# I cheated!



## ptolemy (Nov 4, 2011)

Living alone has its benefits but also its downfalls... One is late night, lazy snack. Usually it's leftovers of fruits but last 2 nights I cheated...

Weather has cooled off and I keep heat down, so it was chilly here. I grabbed some bottled pasta sauce and frozen meatballs.

Took out my cast iron skillet, poured 1/2 of the 45oz bottle of sauce and dropped 1/2 a bag of meatballs. Warmed both up for 10-15 minutes and then poured in a bowl

It was AWESOME. Reminded me of tomato soup, except this one did not need anything nor was it too watery.

Tonight I finished both


----------



## ecchef (Nov 4, 2011)

Sometimes you gotta do what you gotta do....right?


----------



## bprescot (Nov 4, 2011)

Ha! My go-to dinner when I'm on my own is plain penne with sriracha and parmesean, so I don't think I'm one to judge! :wink: Can't all be gourmet meals, right?!


----------



## mr drinky (Nov 4, 2011)

If that's cheating, then a frozen pizza is cheating too. 

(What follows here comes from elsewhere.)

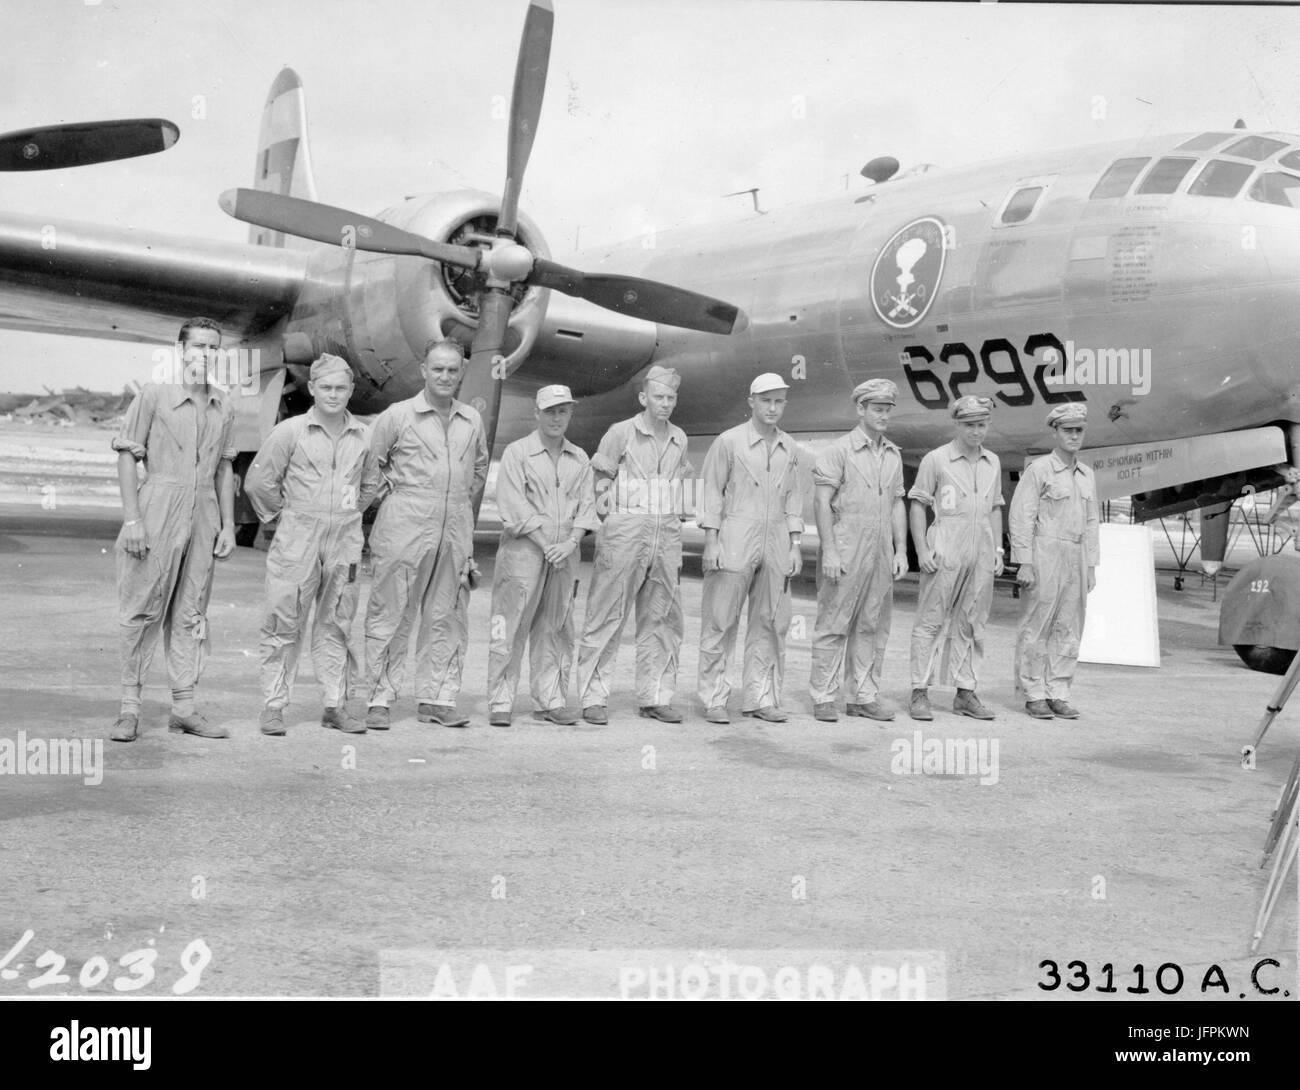 B 29 Crew Stock Photos \u0026 B 29 Crew Stock Images - Alamy

My cheating dishes are buttoni pasta with a jar of Mario Batali's pasta sauce; the frozen edamame from Target mixed with feta, ortiz tuna and olive oil; Green Mill frozen pizzas; and Amy's mac and cheese.

k.


----------



## Vertigo (Nov 4, 2011)

Lol.

A couple nights back I heated up an old can of creamy broccoli soup found in the back of the cupboard, mixed some egg noodles into it, and ate in on two pieces of toast. I'm not proud.

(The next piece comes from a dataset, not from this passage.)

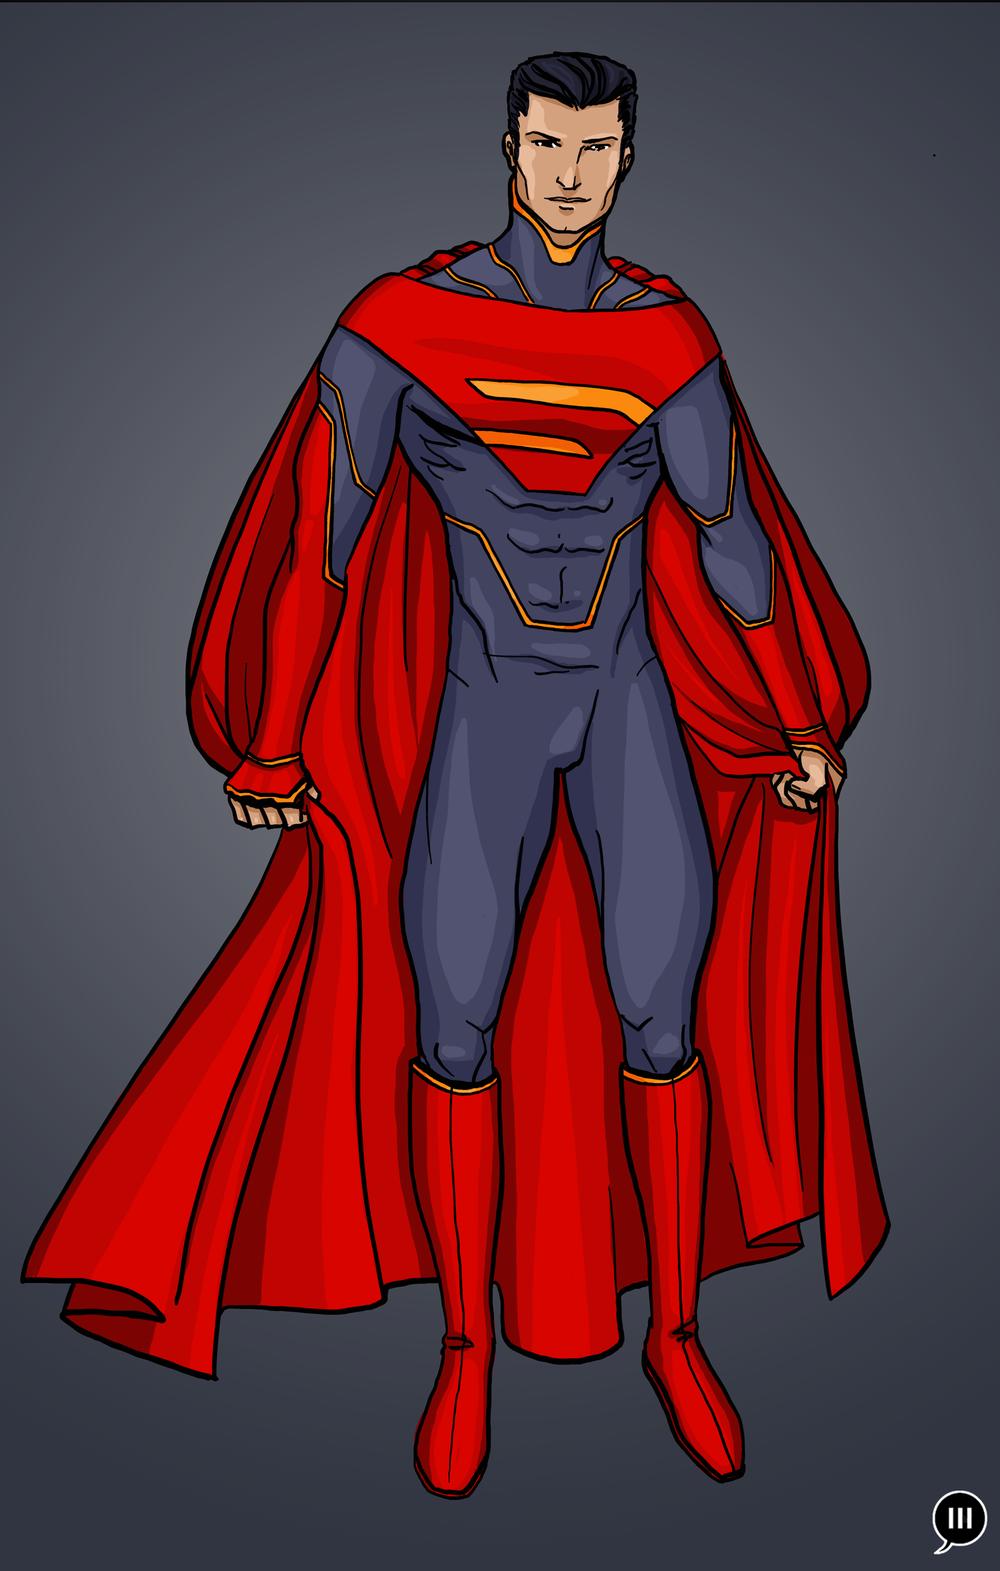 trdl1902_superman_mosrz.png

It _is_ nice to know I'm not alone with these occasional culinary malfunctions, though.


----------



## jm2hill (Nov 4, 2011)

My two cheats and I love them both: 

Instant Rice with soy sauce -- Spaghetti and can tomato sauce with some chilli flakes and spices.

My biggest cheat is that I buy in bulk then cook and freeze and just microwave later down (This includes: chicken,brisket,soup, fish, pizza, veggies). It doesn't let me use my knives as much but it saves me money to buy more. 

Although I will say a CCK can do wonders on those cooked chicken breasts. Its slowly becoming one of my favourite.


----------



## tk59 (Nov 4, 2011)

:sofa:Um... I always have a box of mac n cheese in the back of the cupboard...


----------



## apicius9 (Nov 4, 2011)

bprescot said:


> Ha! My go-to dinner when I'm on my own is plain penne with sriracha and parmesean, so I don't think I'm one to judge! :wink: Can't all be gourmet meals, right?!


 
Hey, I had that a few days ago. Well, I had run out of parmesan also, so it was just spaghetti with butter, olive oil and sriracha. Need to get to Costco and Wholefoods to stock up...

My emergency foods are usually some kind of Barilla pasta with some kind of tomato cause in a glass, and I throw in a hand full of capers, a bit of anchovy paste and some canned tuna - adding a bit of shallot or onion if I feel like 'cooking'  I also try to have some frozen chicken & vegetable dumplings in the freezer most of the time, they take a few minutes gyoza-style. 

Stefan


----------



## stevenStefano (Nov 4, 2011)

Anyone familiar with the tins of baked beans and sausages in them? They're so bad yet so nice, such a cheap meal on toast. I love them. Perhaps other UK people might be more familiar with what I'm talking about


----------



## rahimlee54 (Nov 4, 2011)

If all our meals were from scratch would we really appreciate it as much? I think I am about to go to Wendy's myself.


----------



## Eamon Burke (Nov 4, 2011)

mr drinky said:


> If that's cheating, then a frozen pizza is cheating too.
> 
> My cheating dishes are buttoni pasta with a jar of Mario Batali's pasta sauce; the frozen edamame from Target mixed with feta, ortiz tuna and olive oil; Green Mill frozen pizzas; and Amy's mac and cheese.
> 
> k.


 
1. frozen pizza IS cheating.

2. Battali's sauce is FANTASTIC. Best jar sauce ever. Not cheating. It's better than a lot of restaurants around here.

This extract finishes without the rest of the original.